При этом он сделал губами что-то вроде «пф-ф-ф-ф» и передернул плечами. Все это было похоже на то, как ветряная мельница крутит свои лопасти.
— Да, — ответила я. — Я писатель, и слова для меня очень важны.
— Слова, — он выплюнул эту фразу так, точно это было проклятие. — Важно то, что вот здесь, — он стукнул себя кулаком в грудь, — а слова — это ничто, это… — Тут он набрал побольше воздуха, надув щеки, и выдохнул все на меня. — Мне и так понятно все, что надо, стоит только посмотреть в твои тигриные глаза.
Ладно, подумала я, только какого ж хрена мы сейчас спорим. В льдисто-голубом свете приборной панели «фиата» костлявые запястья Джованни казались призрачными.
— Мои тигриные глаза, — повторила я.
Он посмотрел на меня.
— Раньше у тебя были глаза волка, а теперь — тигра.
Глаза тигра, возбуждение от боя.
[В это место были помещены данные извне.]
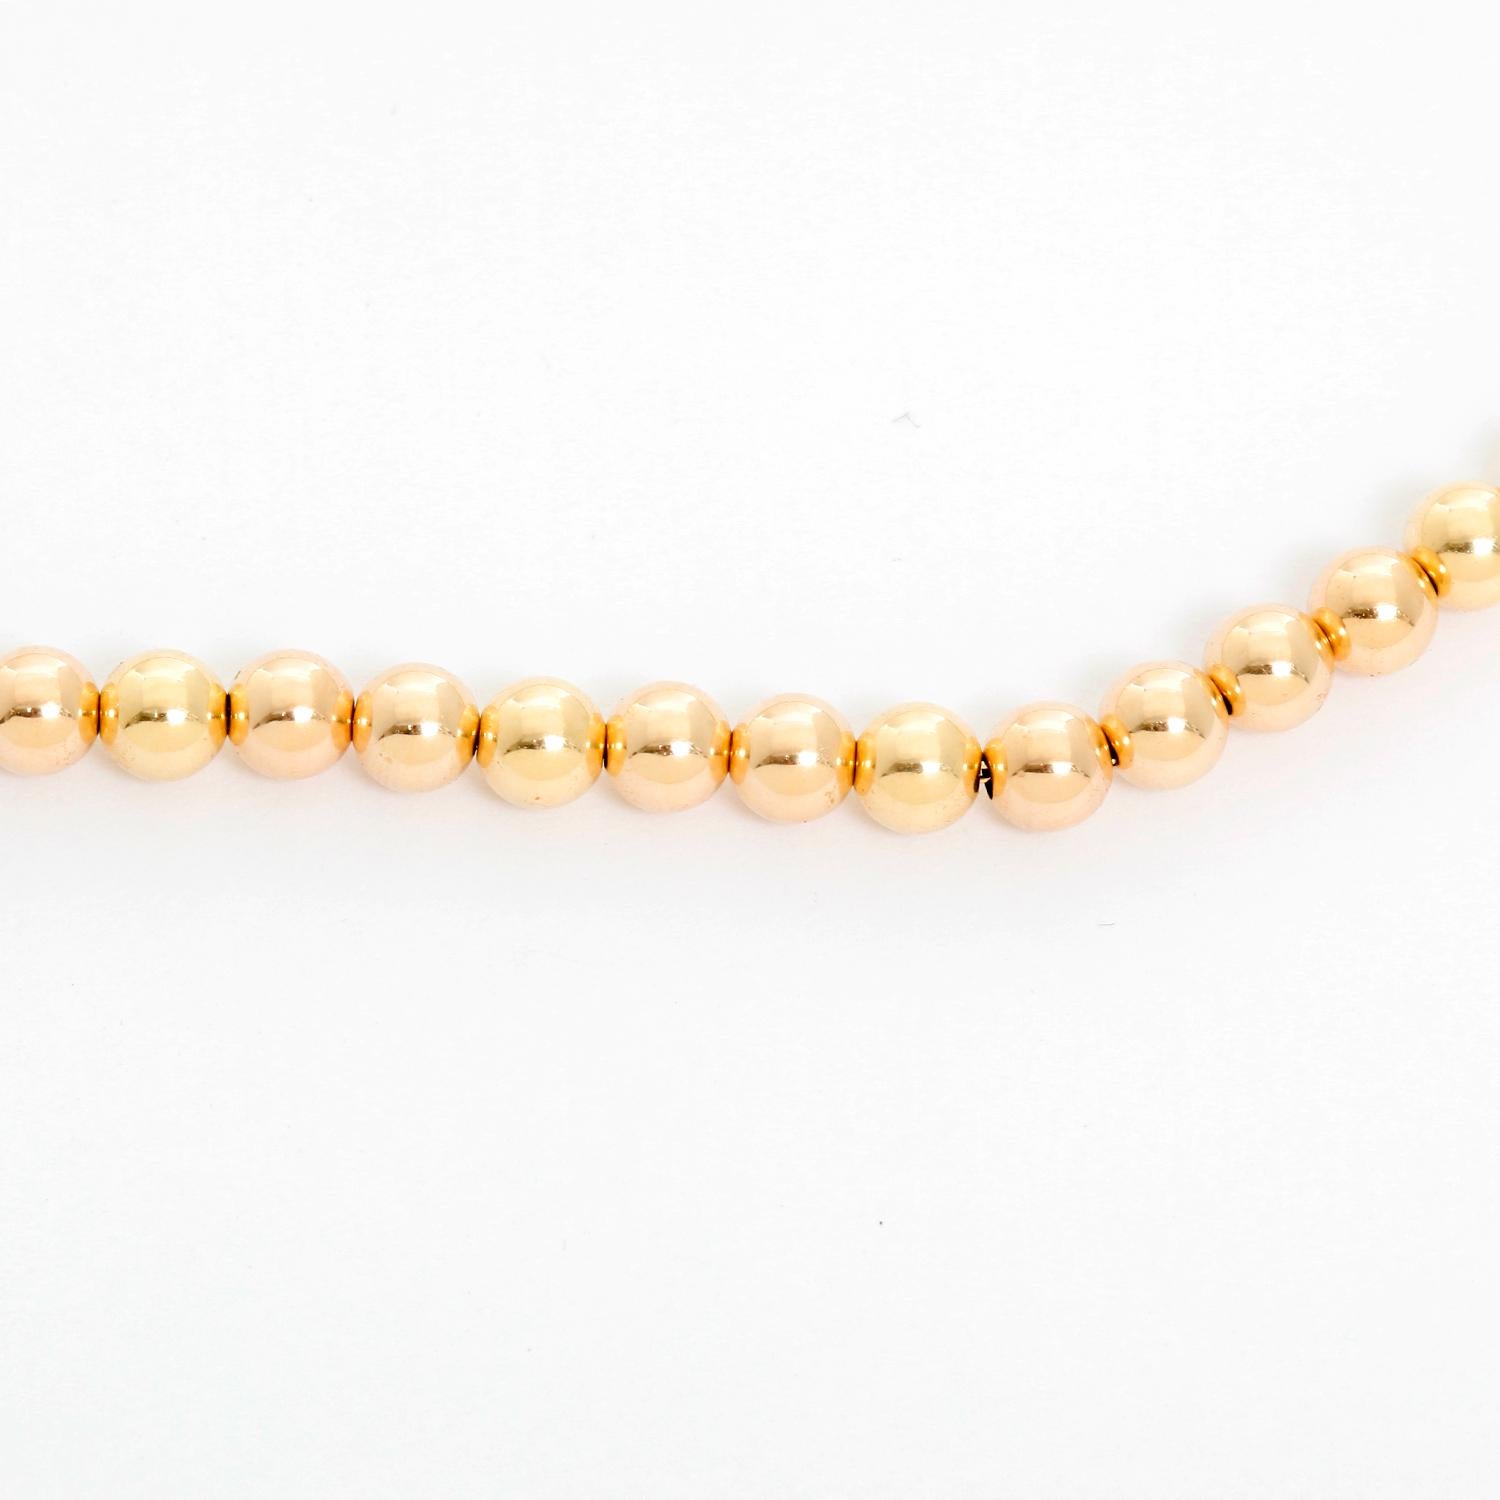 14K Yellow Gold Hollow Bead Necklace - Beautiful 14K Yellow gold bead necklace.  5 MM  beads . Total length 18 inches. Total weight 5.1 grams.  Perfect for layering!

Машина повернула, деревья казались такими близкими, что едва ли не цеплялись за нее. Джованни неотрывно следил за дорогой. Я тоже. Мы вместе следили за ней. Но машина все равно налетела на что-то колесом.
Какая-то шишка. Даже не очень большая.
— Какого хрена, — выругался Джованни по-итальянски и съехал на обочину, насколько это вообще было возможно на такой узкой дороге.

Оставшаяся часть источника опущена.